Students across all faculties on campus may be sending larger cheques to the University of Alberta in Sept. 2013, with the university seeking to raise tuition by 2.15 per cent.
University administration is proposing a price hike to general tuition, program and course differentials, as well as market modifiers for specific programs. The proposed increase will add approximately $113 to domestic-based program costs for both fall and winter semesters.
The increase follows those from previous years, when tuition was raised according to the Consumer Price Index (CPI). Last year, tuition was raised by 1.45 per cent, and the year before by 0.35 per cent.
Provincial funding accounts for more than 60 per cent of the university’s total operating budget. After five years of six per cent budget increases, the university was given two years of zero per cent increases from the government’s grant, leaving a $5.1 million deficit to spread out over 2011 and 2012.
When the government released its new budget in Feb. 2012, the U of A received a two per cent increase over the next three years, but since this is still not enough for the institution to break even, the proposed tuition hike for this year may help move the university towards a balanced budget.
“There’s a tuition cap and it restricts the allowable tuition per year to CPI … that uses a metric to measure inflation,” said Students’ Union President Colten Yamagishi.
“The university administration for as long as I can remember has always maximized that tuition increase.”
This tuition cap was implemented by the provincial government in 2006, where the cost was capped at 2004 rates which limited increases to CPI.
“The tuition cap still isn’t holding them back from introducing new market modifiers and mandatory non-instructional fees like the CoSSS fee, so a lot of work still needs to be done to make sure that the tuition cap is actually capped,” Yamagishi said.
“When they max out the tuition increase every year, it kind of takes it off the shoulders for the government for a lot of the funding they’re providing … For (the university), it’s the easy way out (to) charge students more money.”
In comparison with 15 of some of Canada’s top universities, the average price of tuition at the U of A sits at $55 below the U-15 mean of $5,324 per term based on an Arts program.
U of A Vice-President (Operations and Finance) Phyllis Clark says she believes the proposed increases are a necessary step towards reducing the budget deficit and maintaining high standards of education at the university.
“It brings in an amount of money that we have no other way of getting, and that makes a difference for what we have to do to support the costs of the institution.
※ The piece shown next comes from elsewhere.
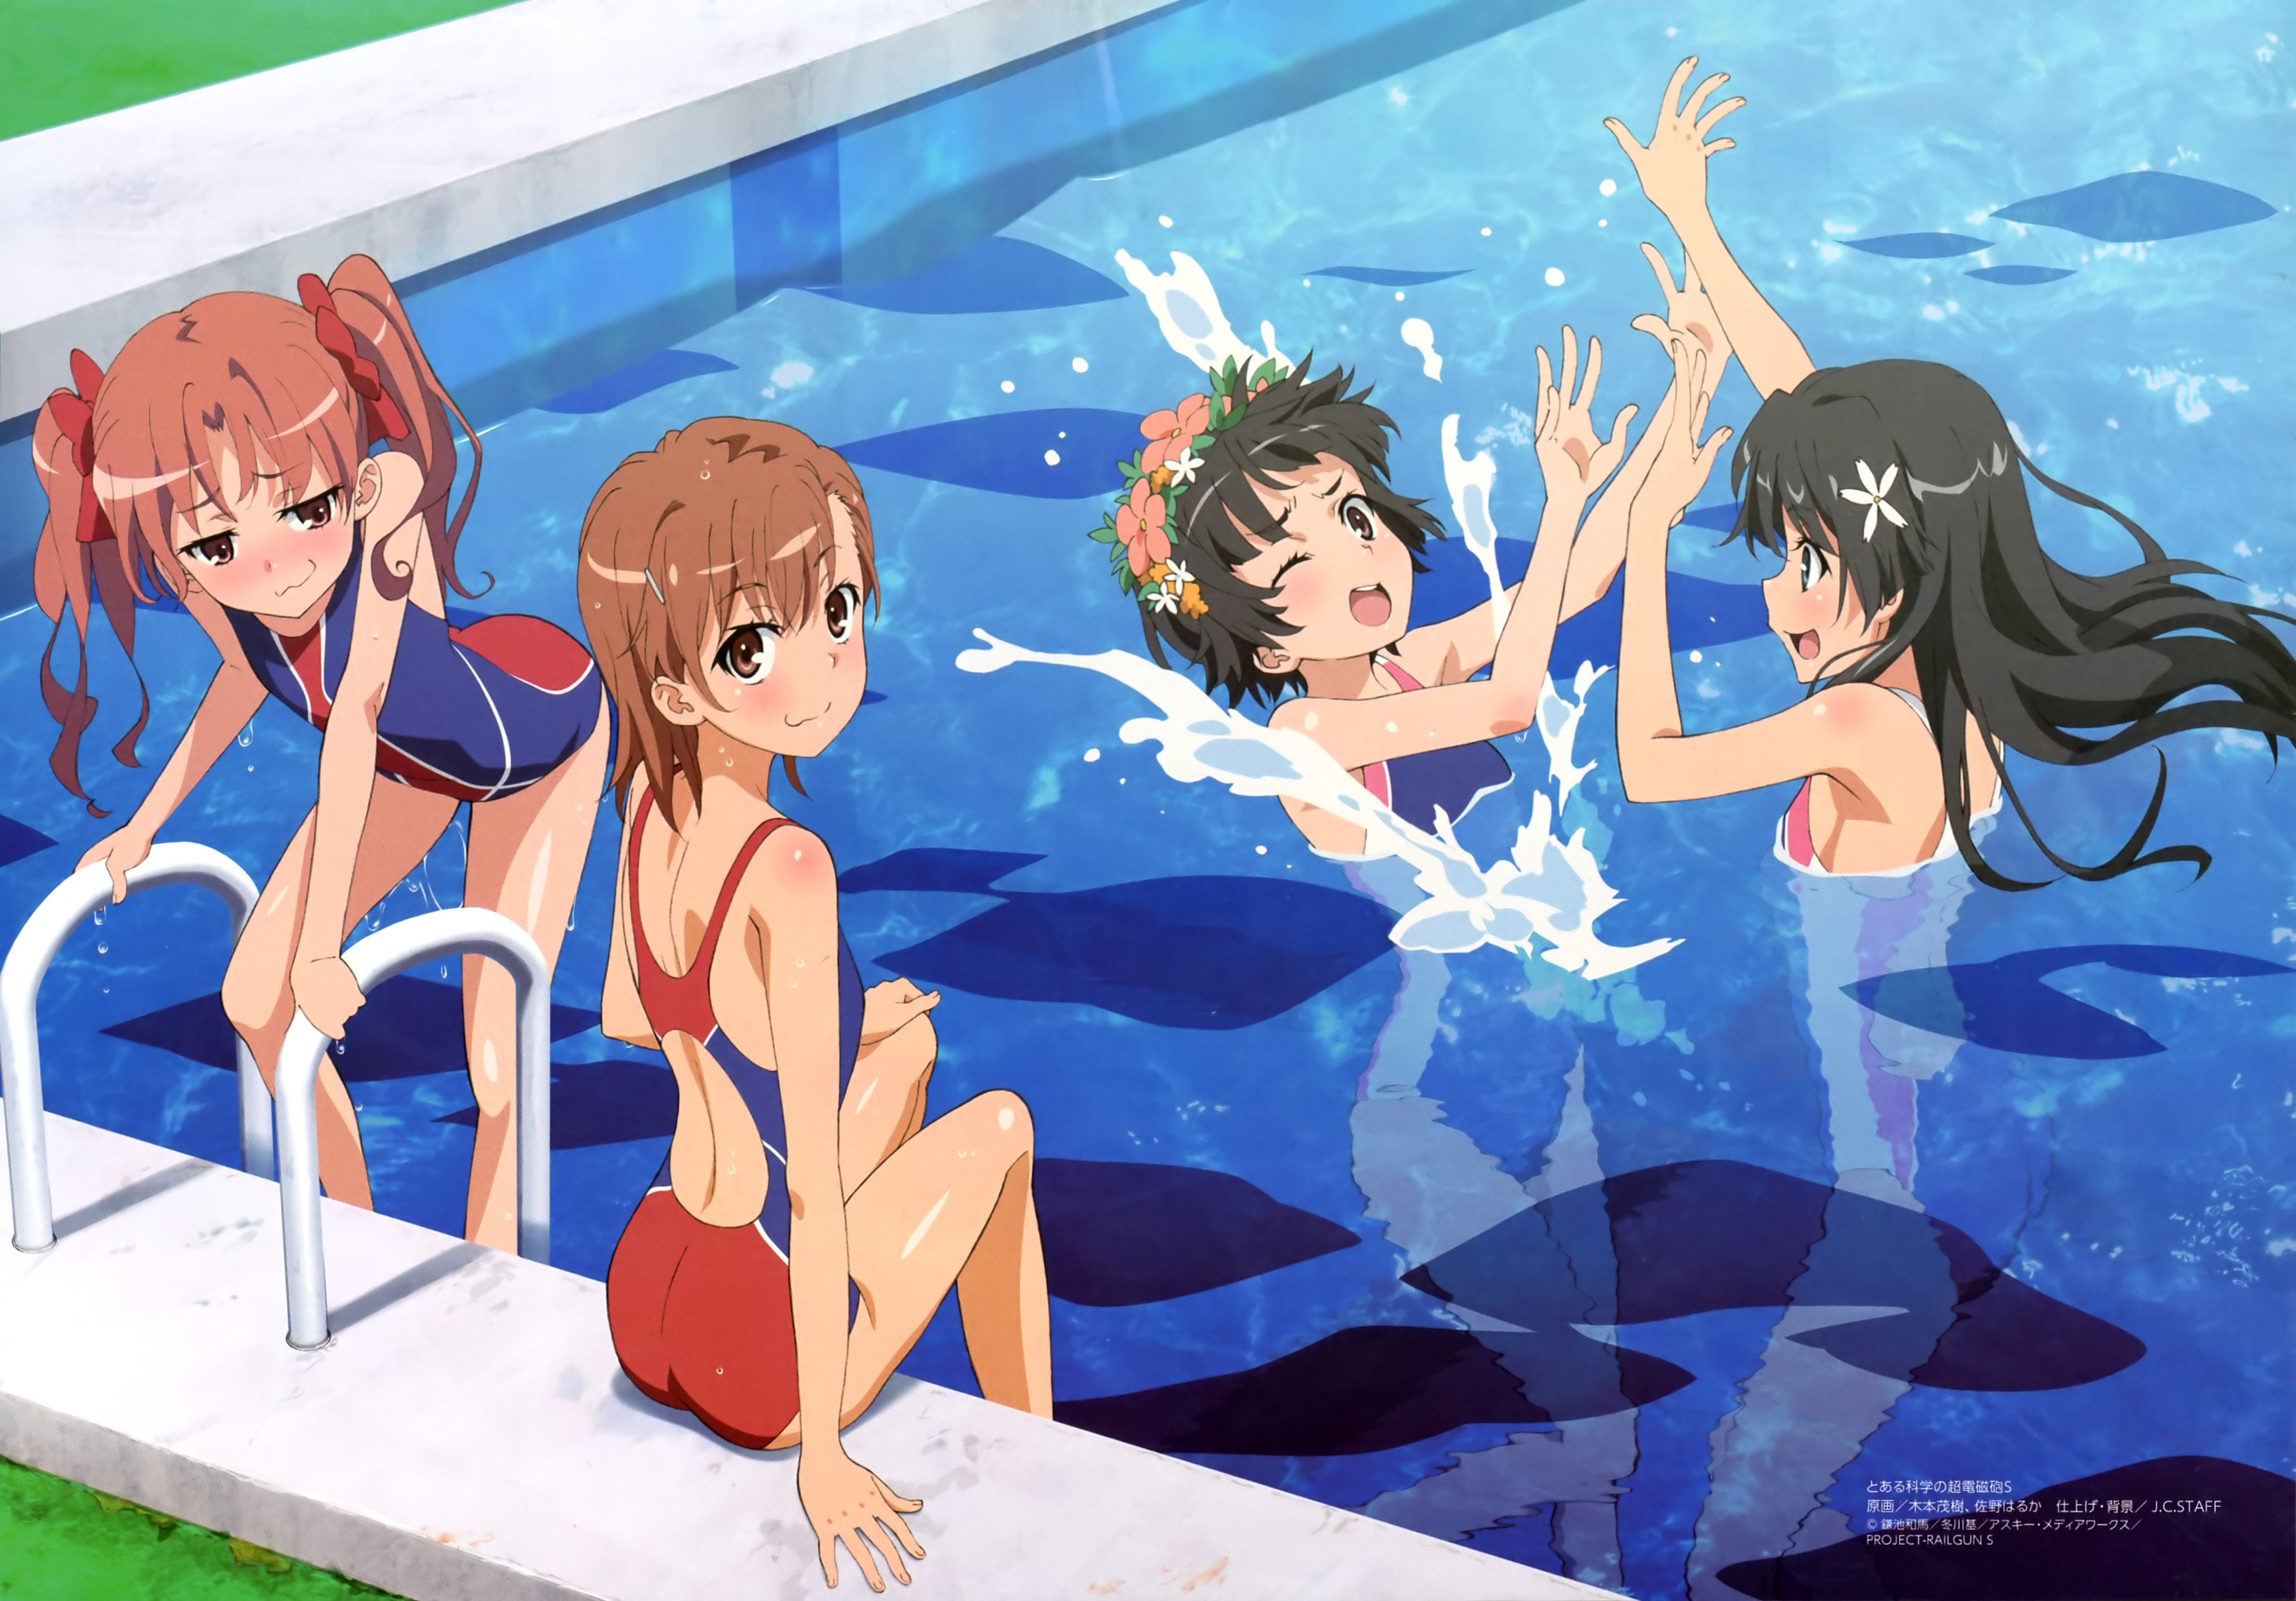 Anime 4078x2844 Misaka Mikoto Shirai Kuroko Saten Ruiko Uiharu Kazari To Aru Kagaku no Railgun anime girls swimming pool anime one-piece swimsuit group of women swimwear in water brunette redhead bright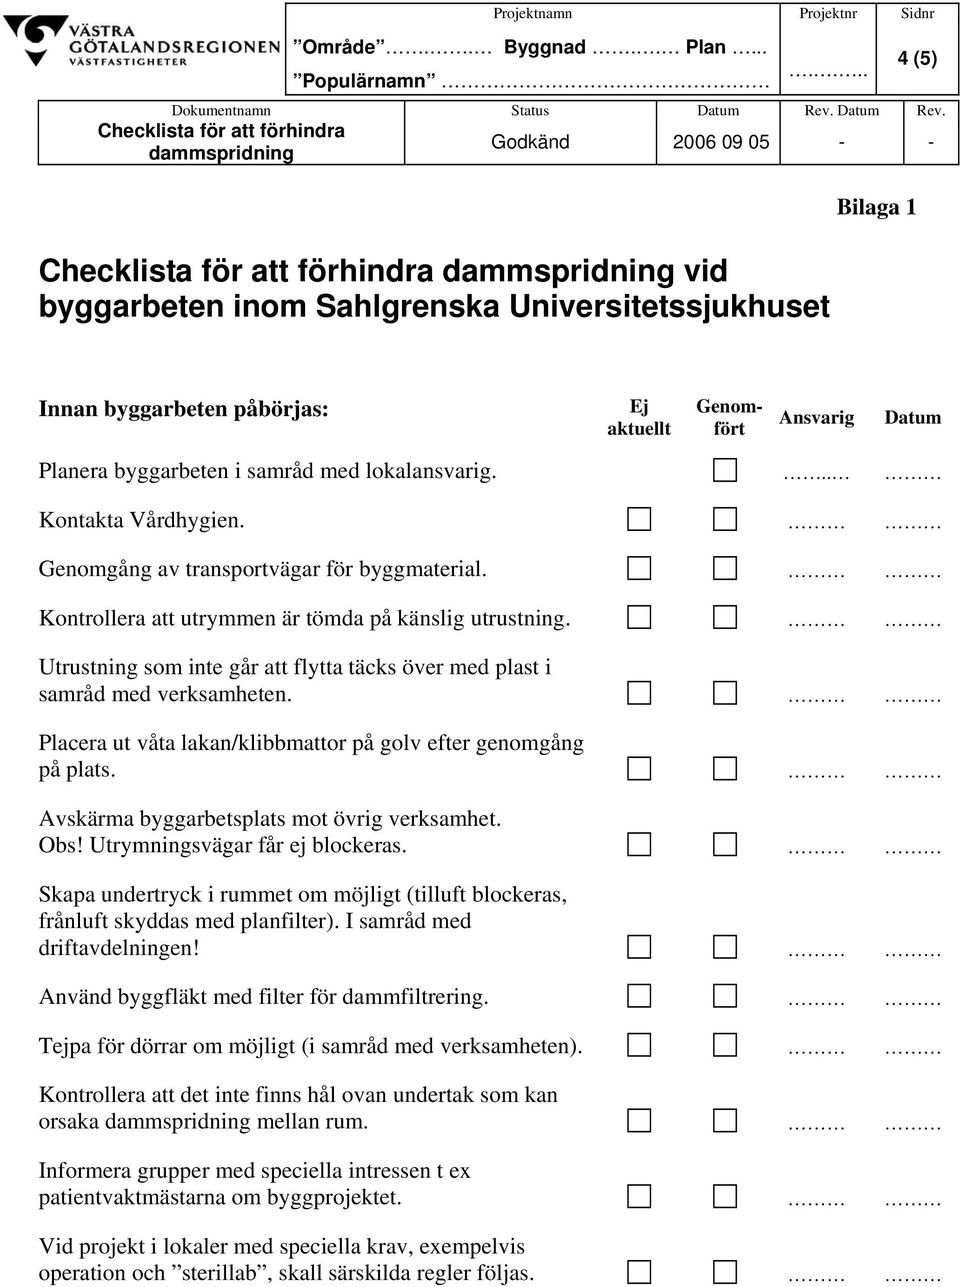 Checklista för att förhindra dammspridning Godkänd 2006 09 05 - - Checklista för att förhindra dammspridning vid byggarbeten inom Sahlgrenska Universitetssjukhuset Bilaga 1 Innan byggarbeten

And the costs flow through into the quality of education,” Clark said.
Along with the U of A president, acting provost and other staff members, Clark has been continually lobbying the provincial government and holding discussions regarding funding with Alberta’s premier, the Minister of Enterprise and Advanced Education, the Minister of Finance and other key members of government.
“I think that they’re also struggling with the societal balance of who should be paying what,” Clark said.
“I don’t think this government would step out, given that they’ve talked about education being the important aspect of diversification of the economy, and also just the growth of Alberta and the future of Alberta,” Clark said.
The Students’ Union is also concerned about the accessibility and affordability of postsecondary education in Alberta.
“I think that the students here are really mindful of the quality of education that they get and are willing to support that if they think it’s justifiable — just not in the sense of voting for it,” said Clark.
The motion to increase tuition will have to be brought forward to the Academic Planning Committee and Board Finance and Property Committee before being sent to the Board of Governors for final approval by the end of December this year.